Robust LLM-based Column Type Annotation via Prompt Augmentation with LoRA Tuning

Robust LLM-based Column Type Annotation via Prompt Augmentation with LoRA Tuning

Column Type Annotation (CTA) is a fundamental step towards enabling schema alignment and semantic understanding of tabular data. Existing encoder-only language models achieve high accuracy when fine-tuned on labeled columns, but their applicability is limited to in-domain settings, as distribution shifts in tables or label spaces require costly re-training from scratch. Recent work has explored prompting generative large language models (LLMs) by framing CTA as a multiple-choice task, but these approaches face two key challenges: (1) model performance is highly sensitive to subtle changes in prompt wording and structure, and (2) annotation F1 scores remain modest. A natural extension is to fine-tune large language models. However, fully fine-tuning these models incurs prohibitive computational costs due to their scale, and the sensitivity to prompts is not eliminated. In this paper, we present a parameter-efficient framework for CTA that trains models over prompt-augmented data via Low-Rank Adaptation (LoRA). Our approach mitigates sensitivity to prompt variations while drastically reducing the number of necessary trainable parameters, achieving robust performance across datasets and templates. Experimental results on recent benchmarks demonstrate that models fine-tuned with our prompt augmentation strategy maintain stable performance across diverse prompt patterns during inference and yield higher weighted F1 scores than those fine-tuned on a single prompt template. These results highlight the effectiveness of parameter-efficient training and augmentation strategies in developing practical and adaptable CTA systems.


💡 Research Summary

Column Type Annotation (CTA) is a crucial preprocessing step that enables schema alignment and semantic understanding of tabular data. While encoder‑only language models achieve high accuracy when fine‑tuned on labeled columns, their performance deteriorates sharply under distribution shift, requiring costly retraining for new domains or label spaces. Recent work has turned to prompting generative large language models (LLMs) by casting CTA as a multiple‑choice question, but two major problems remain: (1) the models are extremely sensitive to subtle variations in prompt wording or structure, and (2) the resulting annotation F1 scores are modest, limiting practical adoption. Fully fine‑tuning LLMs could in principle address both issues, yet the sheer number of parameters (often billions) makes such training prohibitive in terms of GPU memory, compute time, and carbon footprint. Moreover, even full fine‑tuning does not eliminate prompt‑sensitivity because the model still learns to associate a single prompt formulation with the task.

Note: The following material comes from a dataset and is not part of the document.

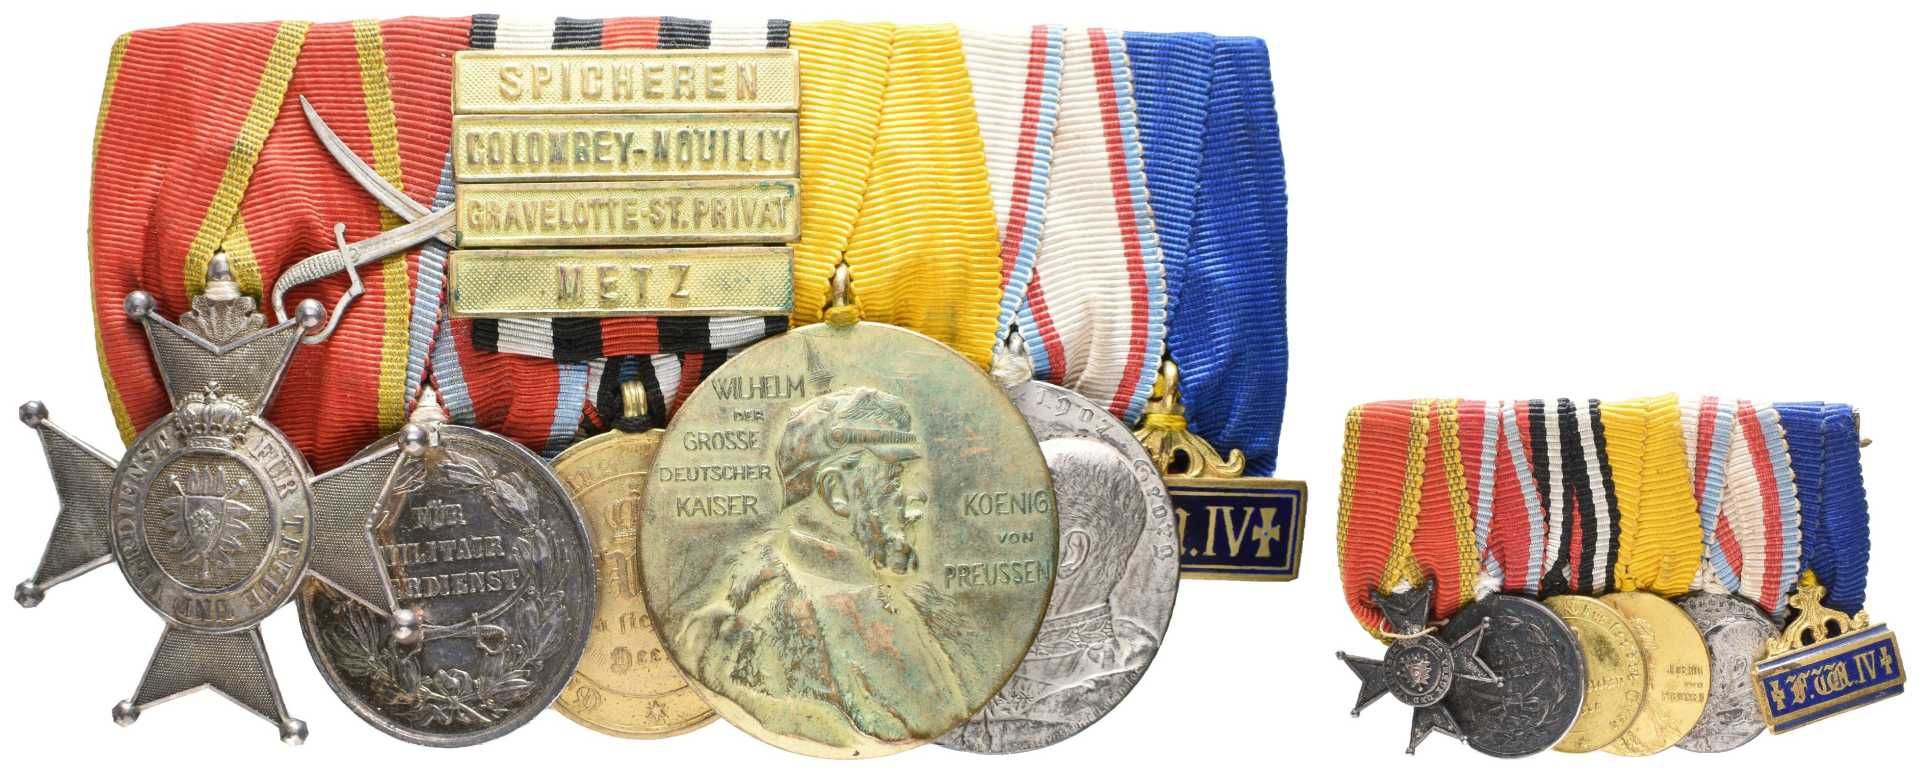 Ordensspange mit 6 Auszeichnungen, dabei Schaumburg-Lippe Silbernes Verdienstkreuz, Silberne Militär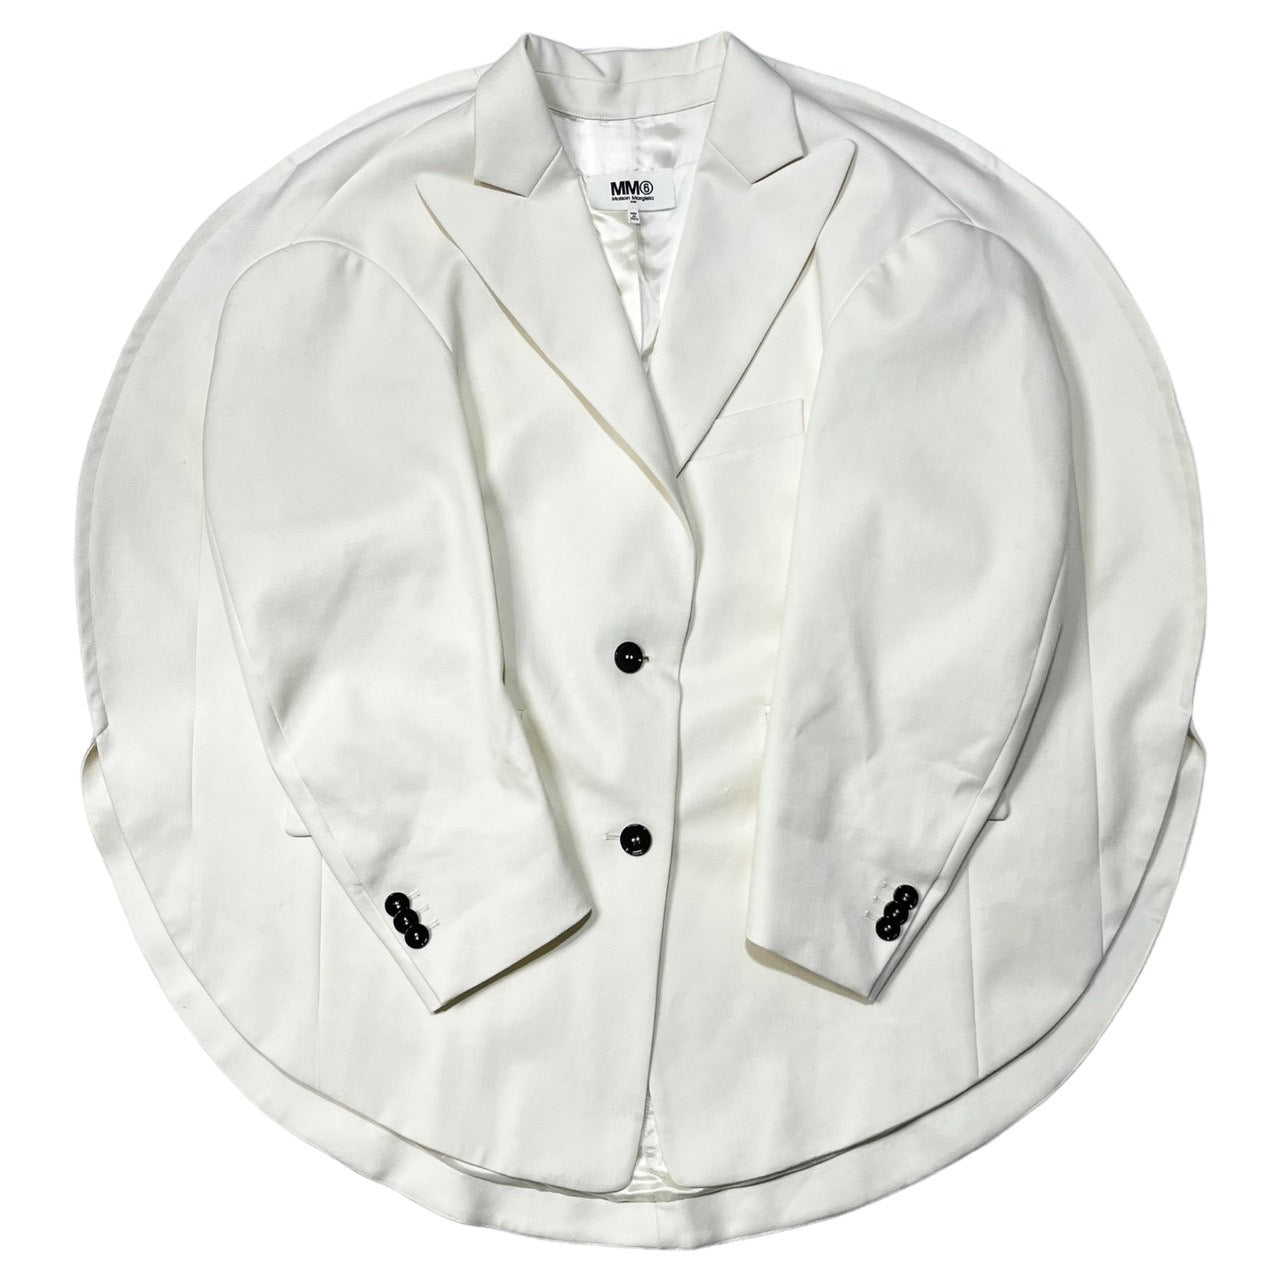 MM6 Maison Margiela(エムエムシックス) Oversized Circle Jacket サークル テーラード ジャケット 丸 円  S62BN0034 XS ホワイト/アイボリー

To overcome these limitations, the authors propose a parameter‑efficient framework that combines Prompt Augmentation with Low‑Rank Adaptation (LoRA). Prompt augmentation expands the training data by generating multiple semantically equivalent prompt templates (e.g., declarative, interrogative, keyword‑highlighted) for each column and its target type. By exposing the model to a diverse set of phrasings during training, it learns to generalize across prompt variations rather than over‑fitting to a single template. LoRA, on the other hand, injects trainable low‑rank matrices (ΔW = BA) into each Transformer layer, allowing only a tiny fraction of the total parameters (typically a few hundred thousand) to be updated while keeping the original pretrained weights frozen. This dramatically reduces memory consumption and training time, making it feasible to fine‑tune even the largest LLMs on modest hardware.

The experimental evaluation spans several recent CTA benchmarks—including WikiTables, WebTables, and cross‑domain scenarios such as transferring from financial to medical tables. Baselines comprise (i) single‑prompt full‑parameter fine‑tuning, (ii) single‑prompt LoRA, (iii) LoRA without prompt augmentation, and (iv) traditional encoder‑only models. The proposed method consistently outperforms all baselines: weighted F1 improves by an average of 4.2 percentage points, with gains up to 7 pp in domain‑shift settings. Crucially, performance variance across unseen prompt templates drops by more than 30 %, demonstrating robust prompt‑agnostic behavior. Despite updating less than 0.1 % of the total parameters, LoRA‑augmented models achieve comparable or superior results to full‑parameter fine‑tuning while requiring roughly one‑twelfth of the GPU memory.

A deeper analysis explores the trade‑off between LoRA rank and the number of prompt templates. Increasing the LoRA rank beyond 8 yields diminishing returns and can introduce over‑fitting, whereas expanding the template set from 3 to 7 markedly stabilizes performance at the cost of a modest 1.5× increase in training time. These findings suggest that a modest LoRA rank combined with a carefully curated set of diverse prompts offers the best balance of efficiency and robustness.

In summary, the paper demonstrates that Prompt Augmentation + LoRA provides a practical, scalable solution for LLM‑based CTA. It simultaneously reduces computational overhead, mitigates prompt sensitivity, and delivers higher annotation quality across domains. The authors envision future work on automated prompt generation, multimodal table understanding (e.g., incorporating cell images), and continual online adaptation to further enhance real‑world applicability.